I don't think there is a need for 'real AI' in order to replace a lot of
humans. Just normal programming in the hands of non-tech office workers can
already reduce a lot of human labor.

------
yalogin
I feel like this is too cynical of the deep learning and AI phrases. I agree
that so far the only thing deep learning has given us is advanced correlation
of data to sell us stuff better. Google knows this and so it has not hyped up
the self driving cars. Tesla on the other hand has no ads to sell us and had
to sell cars for which it had to force the AI concept on us. I am cynical of
self driving cars however becoming a reality in the near future. Of course
there is probably a middle ground somewhere.
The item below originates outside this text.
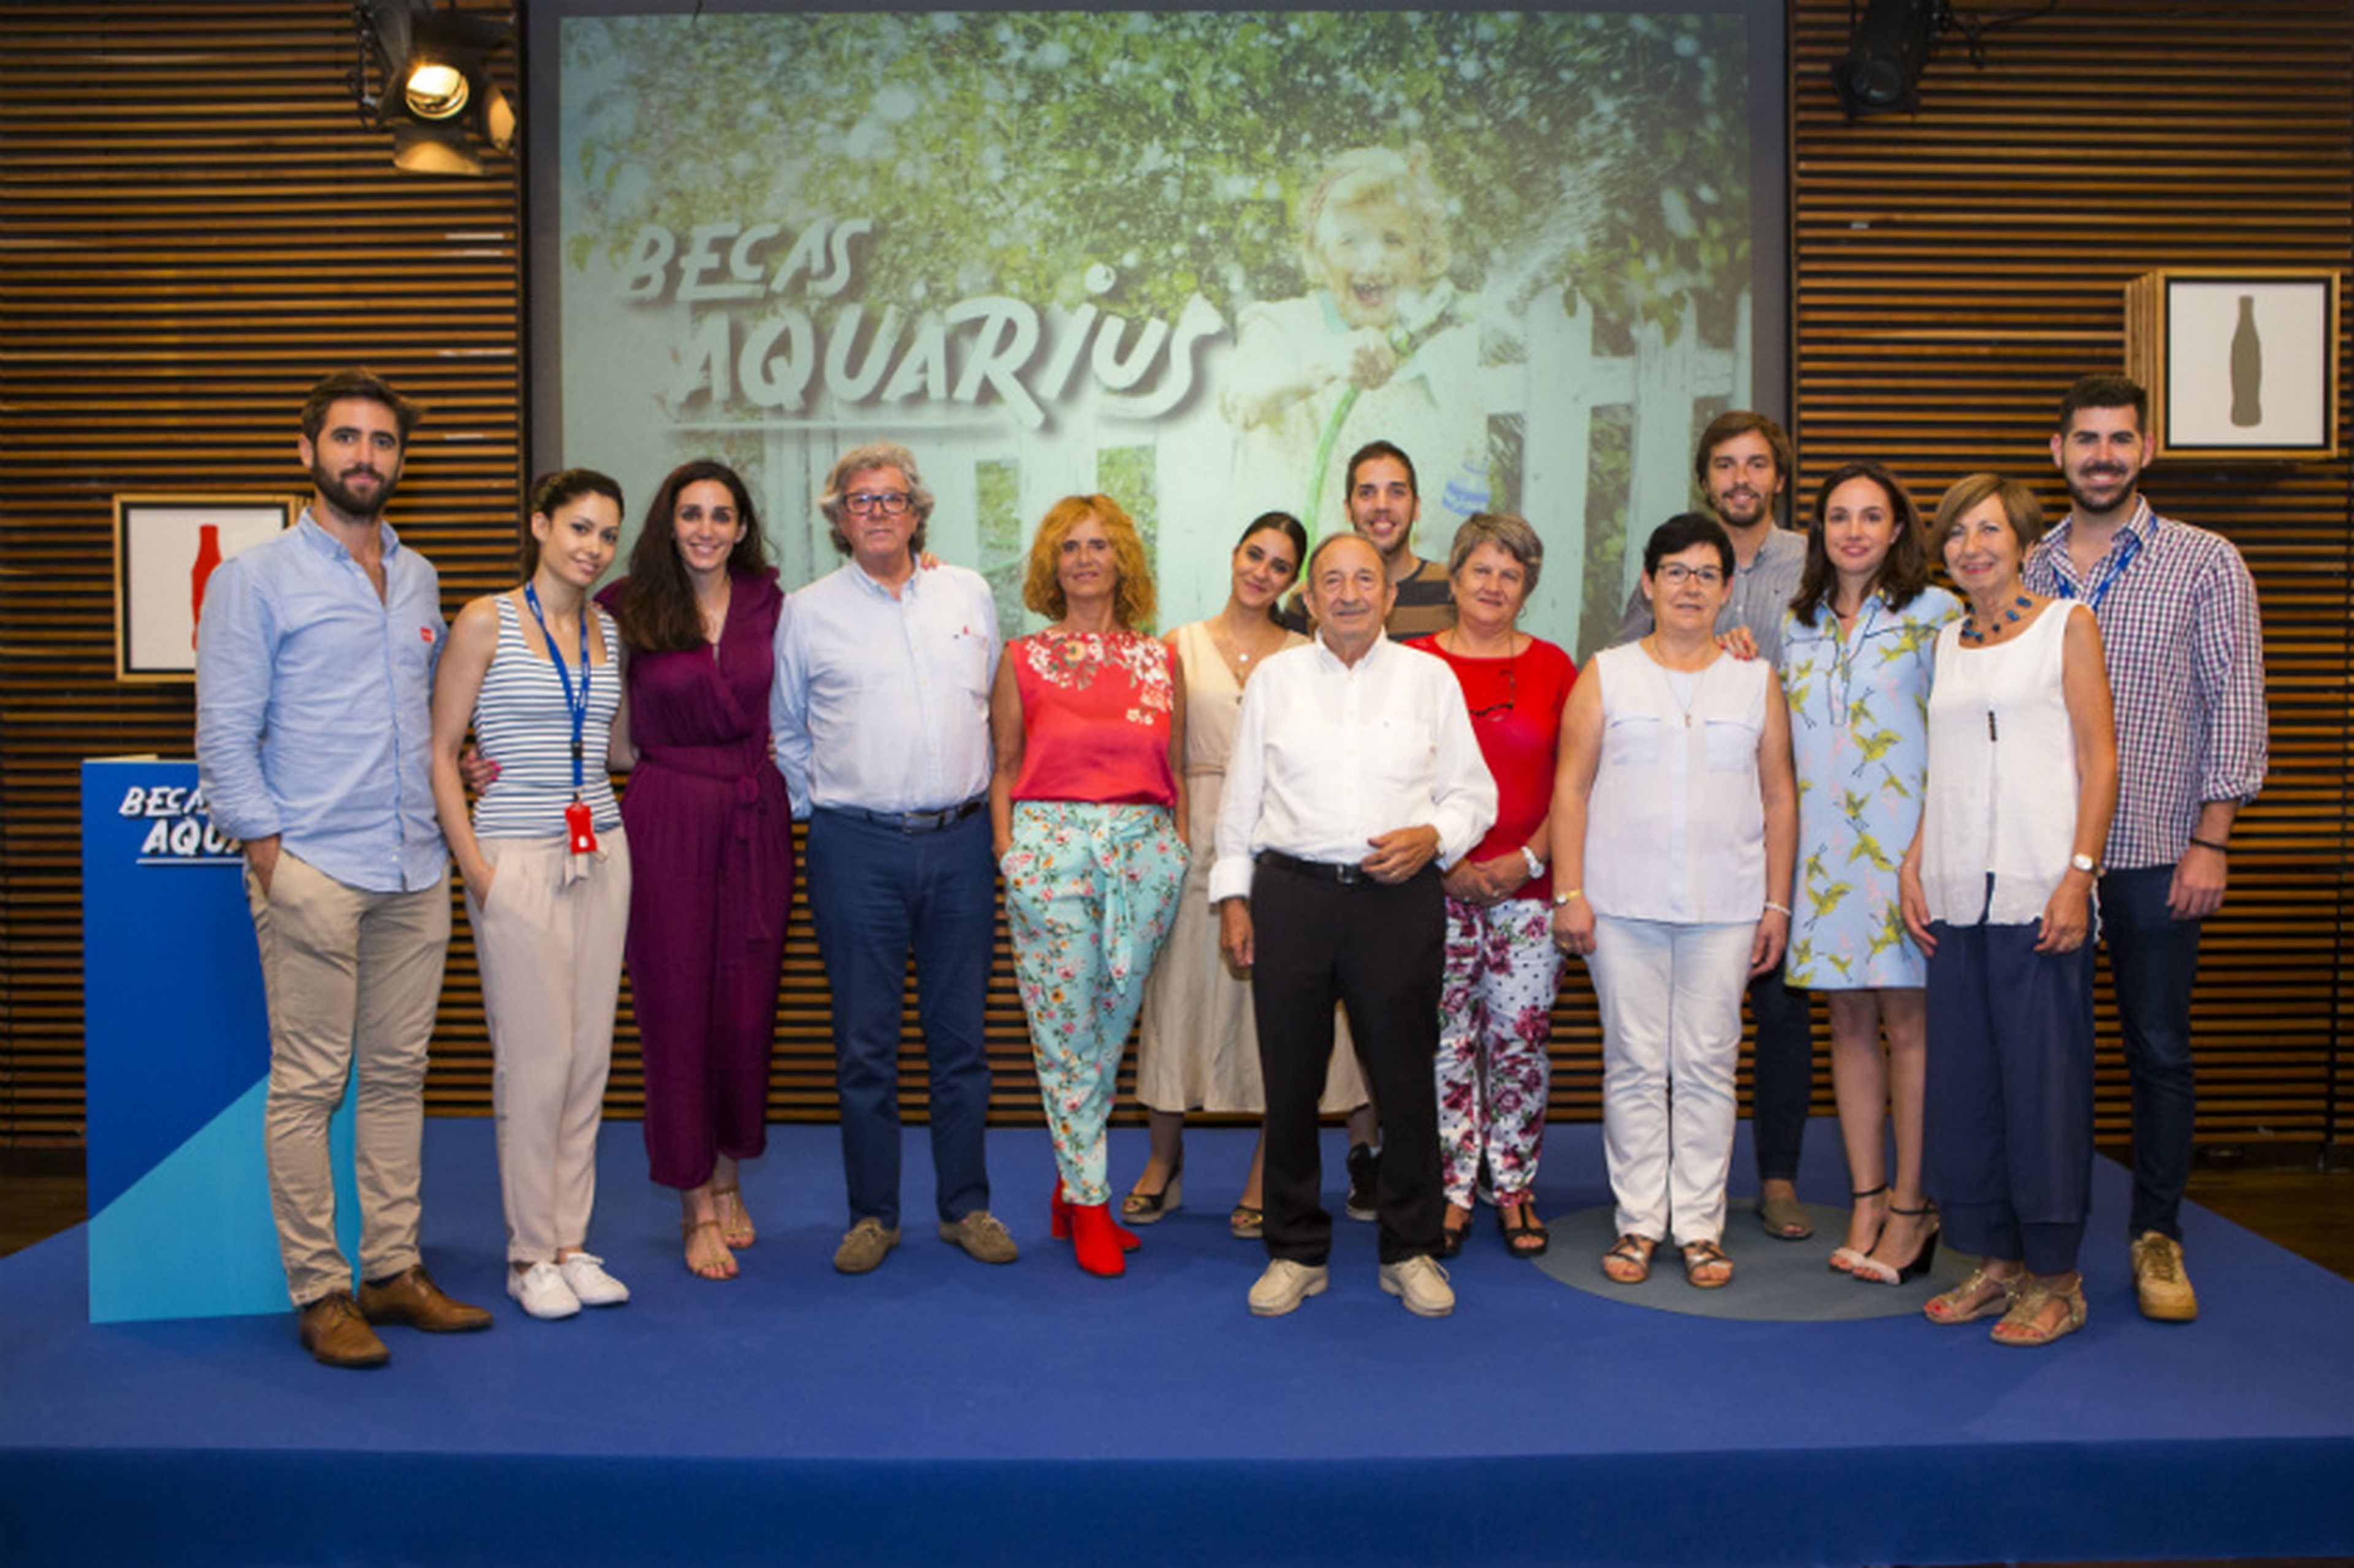 Finalistas y mentores de las Becas Aquarius, destinadas a promocionar proyectos de emprendimiento social para mayores de 60 años.

The article seems to say the ad-
people-tracking-tech and the more pure efforts like self driving cars are the
same.

------
scientist
Ironically, on the right of this article there is a link to another article
from the same source, entitled "Top of the bots: This AI isn't a cold, cruel
killing machine – it's a pop music hit machine" [1]. Perhaps the link was also
placed there by a machine learning / AI algorithm...

[1]
[http://www.theregister.co.uk/2016/11/11/ai_pop_music_maker/](http://www.theregister.co.uk/2016/11/11/ai_pop_music_maker/)

------
tim333
Bit of an iffy article arguing "2016’s AI hype will begin to unravel in 2017"
because roughly:

3) When something goes wrong, such as a car crash... who do you put in jail?
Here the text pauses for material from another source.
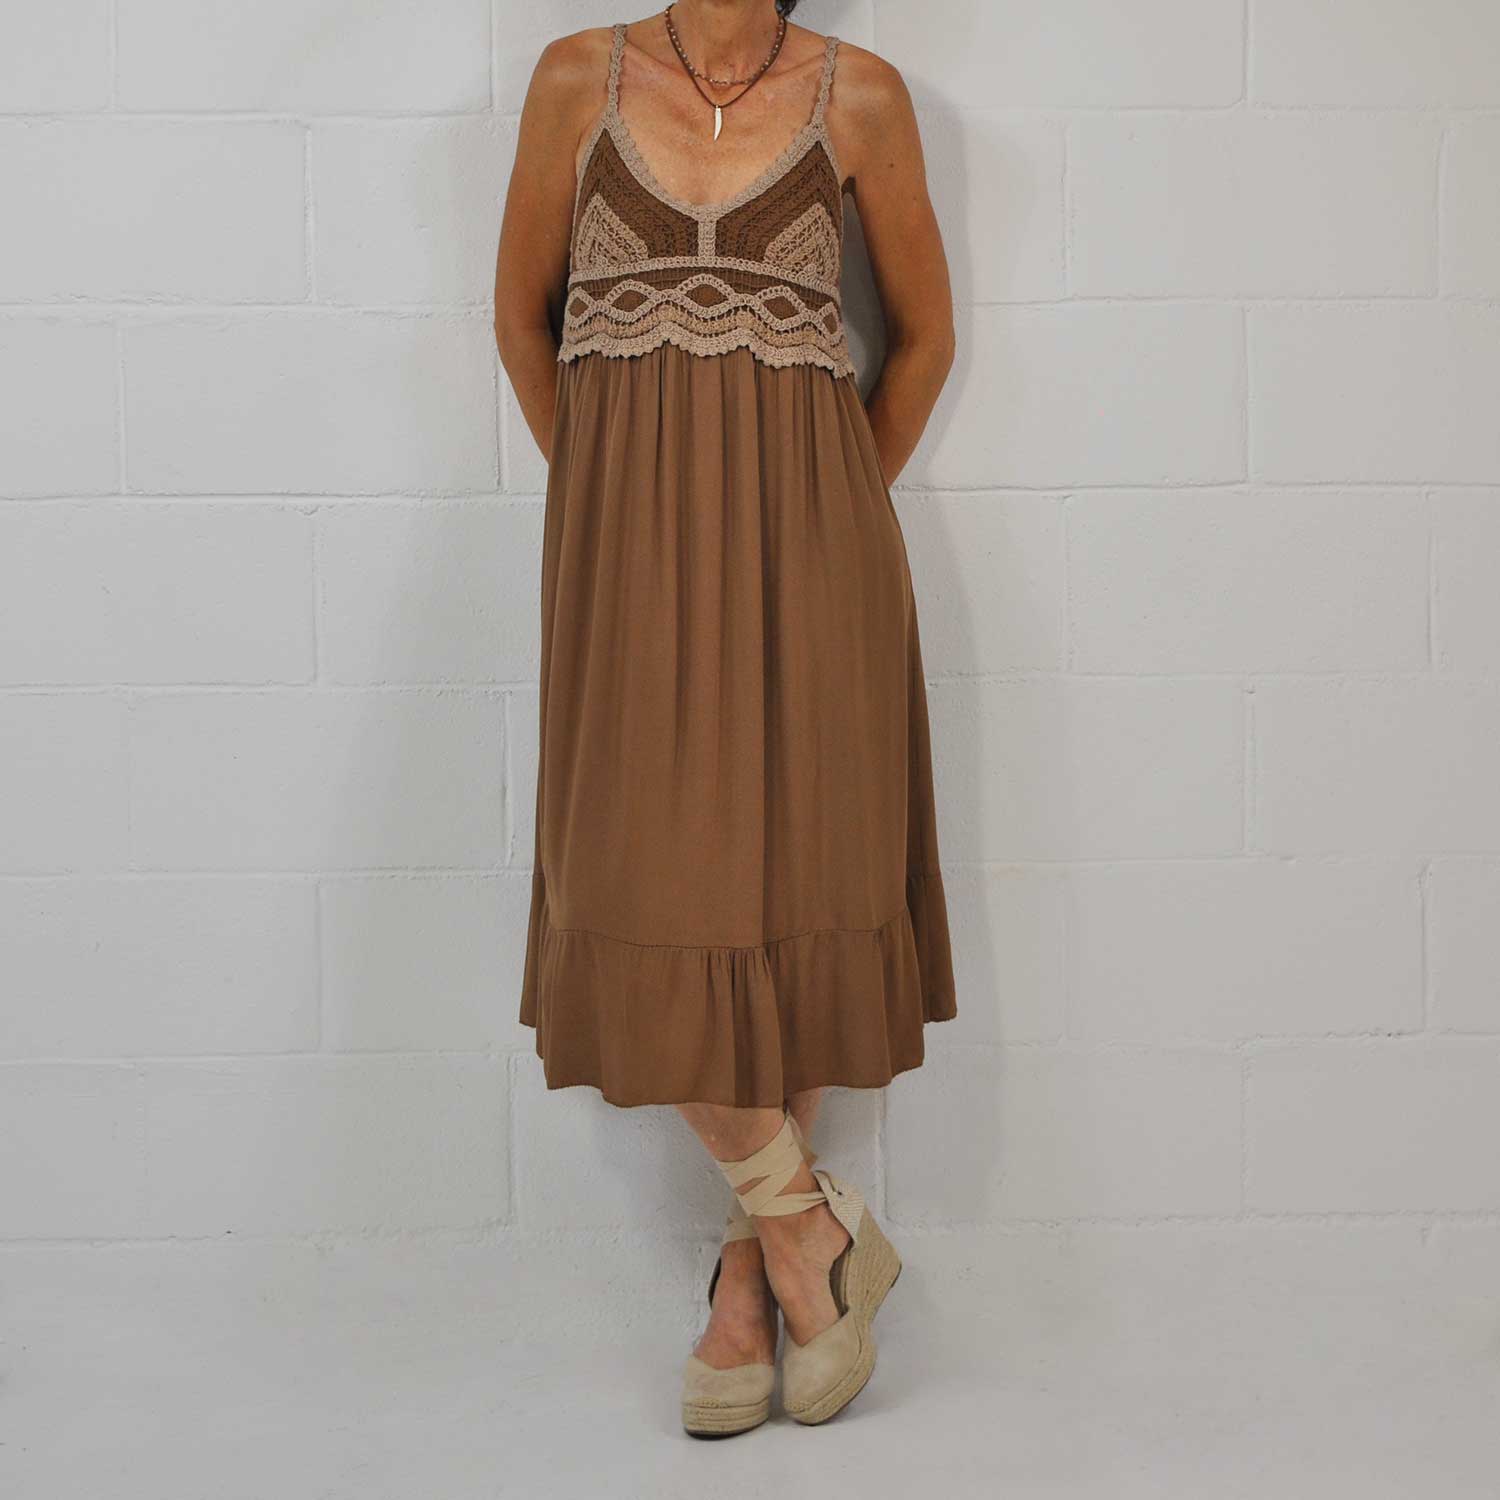 Brown crochet dress

2) "The Consumer Doesn’t Want It" \- eg clippy, automated call centers

1) "AI is a make believe world populated by mad people, and nobody wants to be
part of it" \- it's all a cult

Which is all a bit silly - 3) you don't put anyone in jail, you work on the
algorithms to reduce our existing 1m+ road deaths a year 2) There's some crap
but people like Amazon Echo and I want my self driving car and 1) hardly
dignifies a reply.

Meanwhile in 2016, computers mastered Go, the tools became good enough that
the likes of Zuck and GeoHot could make somewhat functional Jarvis like
assistants or self driving cars in a few months hacking and IDC are predicting
the "AI Market is projected to grow from $8 billion today to $47 billion by
2020."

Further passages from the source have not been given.